Study of Rhenium and Platinum Complexes as Photocatalysts and Synthesis of Bidentate Poly Pyridyl based Ligands

The worlds' current energy consumption is heavily dependent on fossil fuels, which has caused numerous problems, most notably global warming. A long-term response to this challenge is to find an alternative energy source, and water is potentially a carbon-neutral hydrogen source with sunlight acting as the energy source to split it. Thus, photocatalytic hydrogen generation via water splitting reactions could be a promising solution for those problems in the future. Recently, metal complexes have received much attention as new photocatalyst materials for water splitting. The Re(I) bipyridyl hydride complexes have been investigated for their properties of photochemically evolution of hydrogen gas. Functionalized 4,4'-substituted-2,2'-bipyridyl ligands have been applied to the Re(I) complexes, the result indicated a dramatic changes of the reaction time for Re-H photolysis. The terpyridine coupled square-planar Pt(II) complexes were also developed the photocatalysts.

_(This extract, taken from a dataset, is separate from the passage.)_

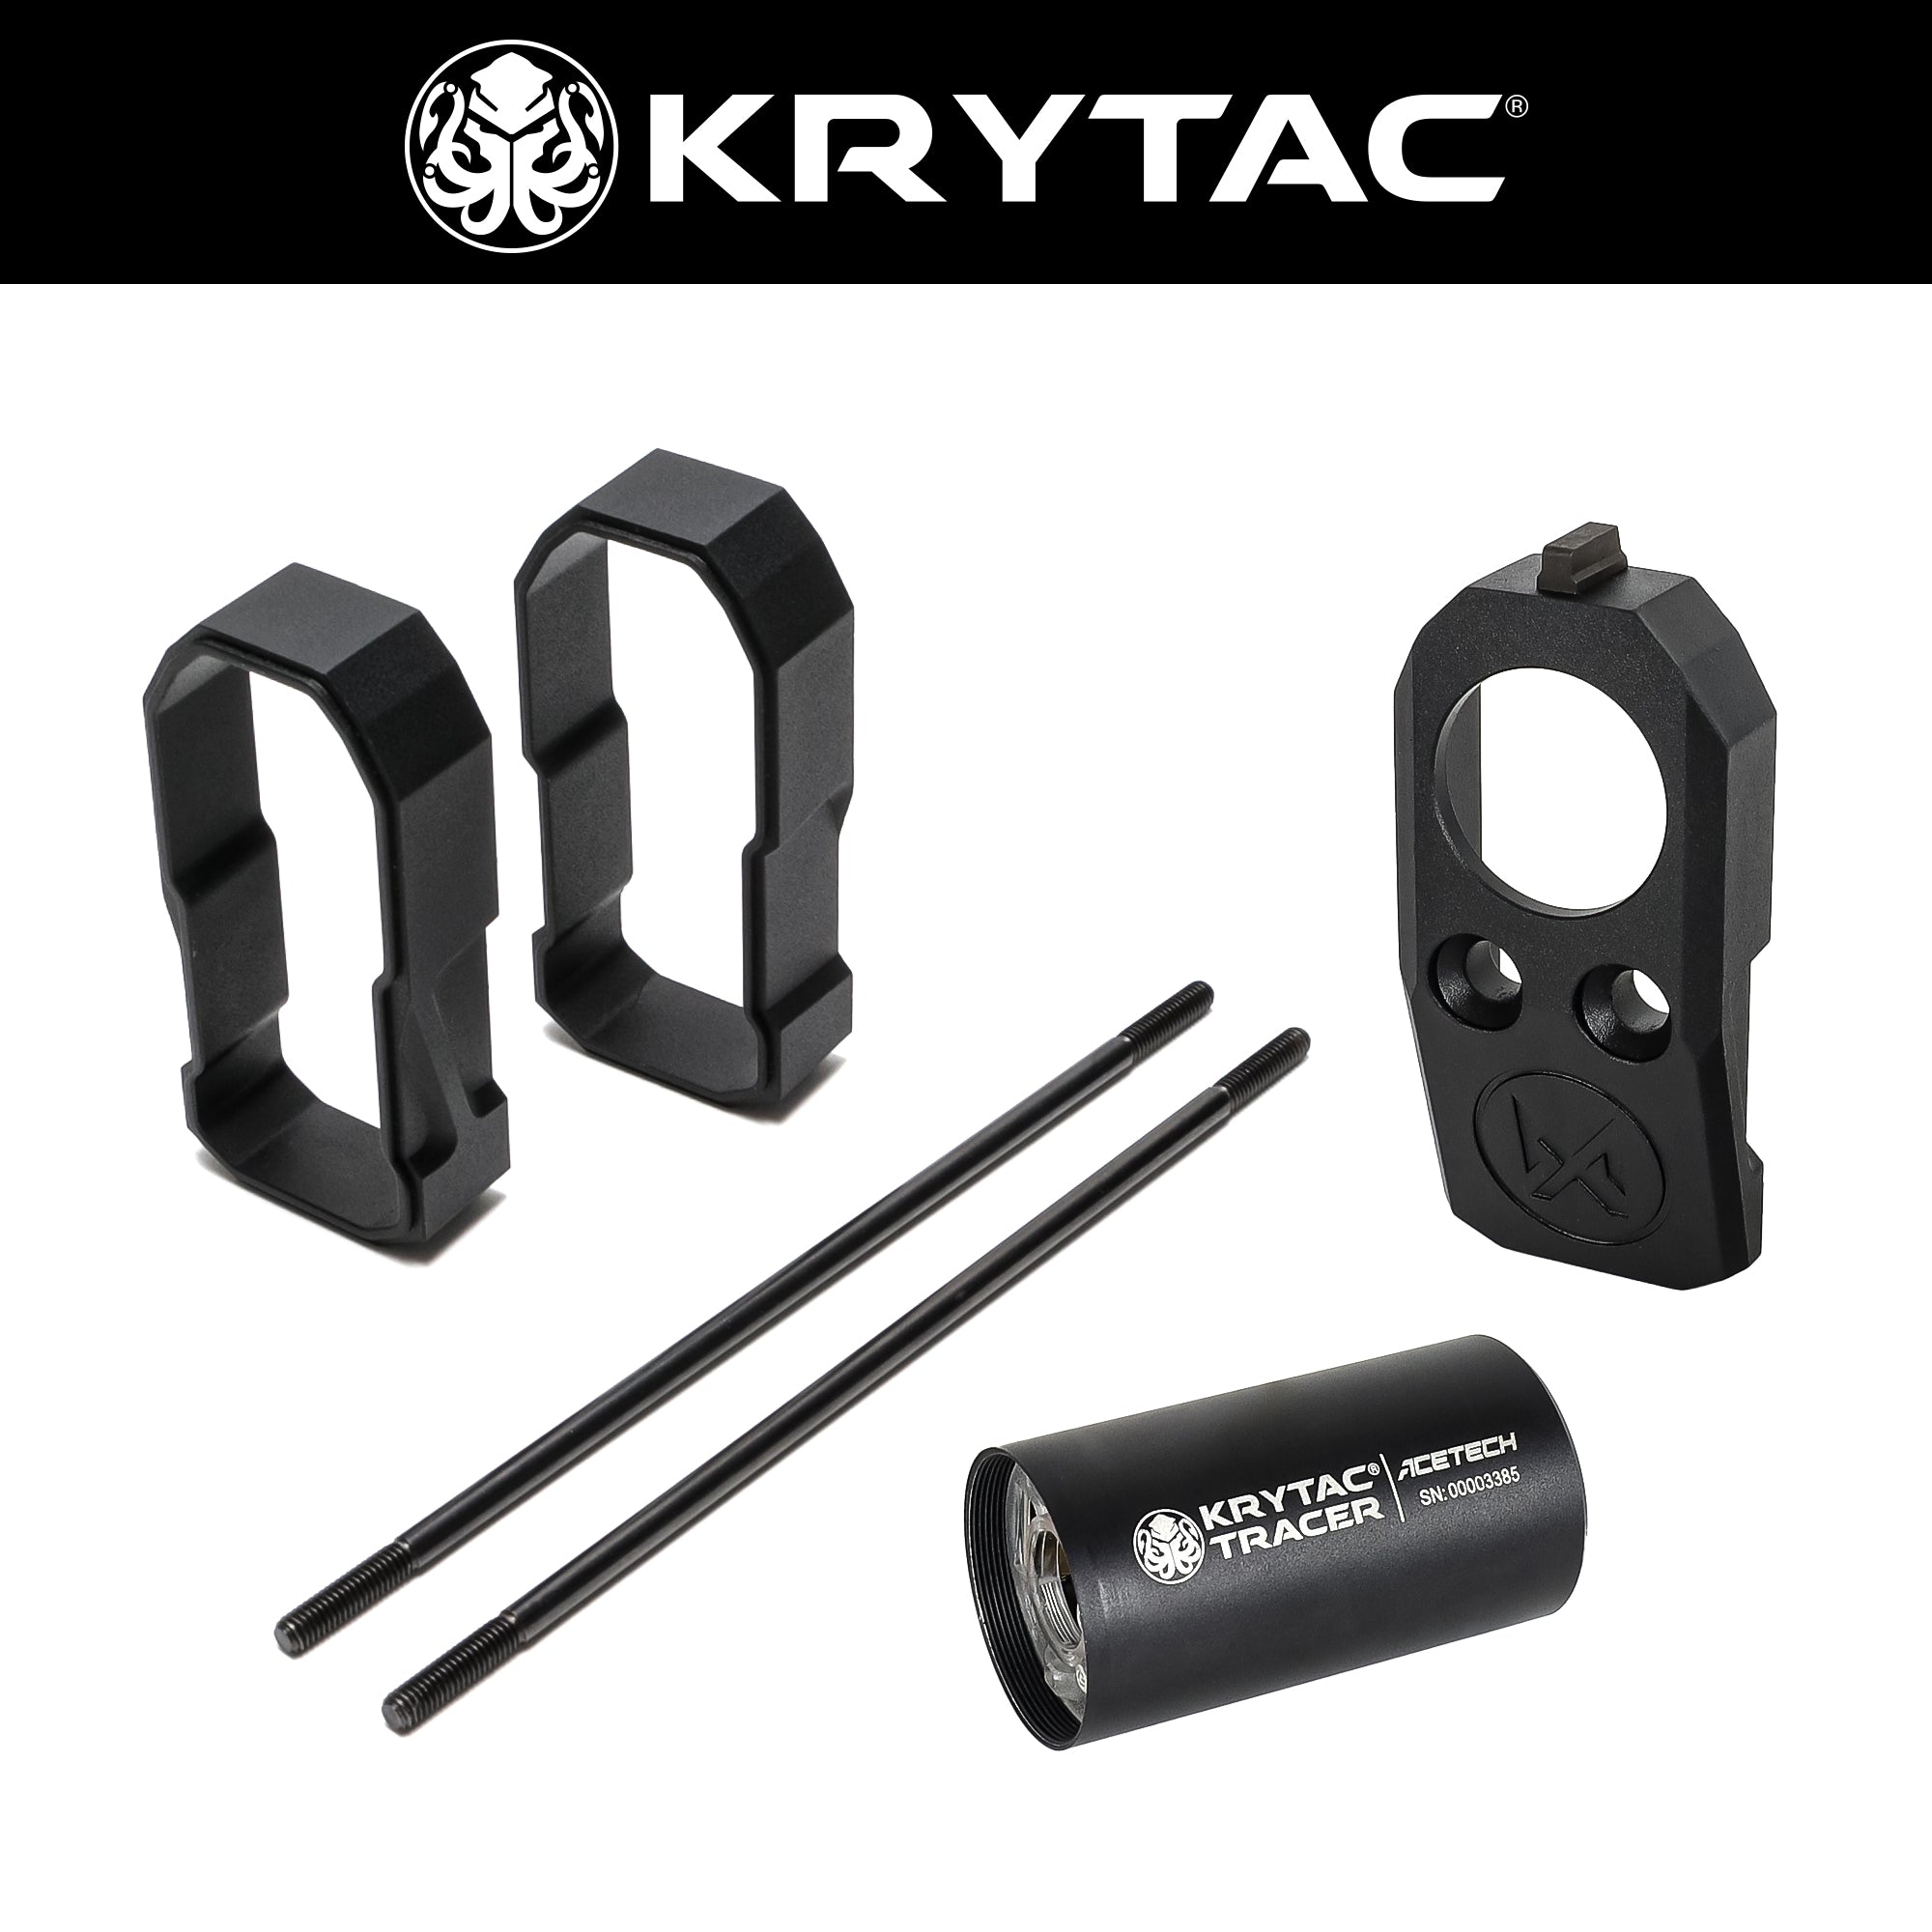 【5月中旬発売予定/予約受付中】KRYTAC SilencerCo Maxim 9 拡張キット&トレーサーユニット

Functionalization of terpyridine with different groups is essential for this study. Therefore, a list of new 4',5,5"-trisubstituted-2,2':6',2"-terpyridines have been synthesized via Krohnke reaction, six of which have been successfully converted into corresponding platinum complexes. Inspired by the "Pacman" model, a series of new poly pyridyl based binucleating scaffolds that enable two metal sites to be held in close proximity were synthesized in this research for more efficient multielectron transformations between metal and ligand, to promote hydrogen formation.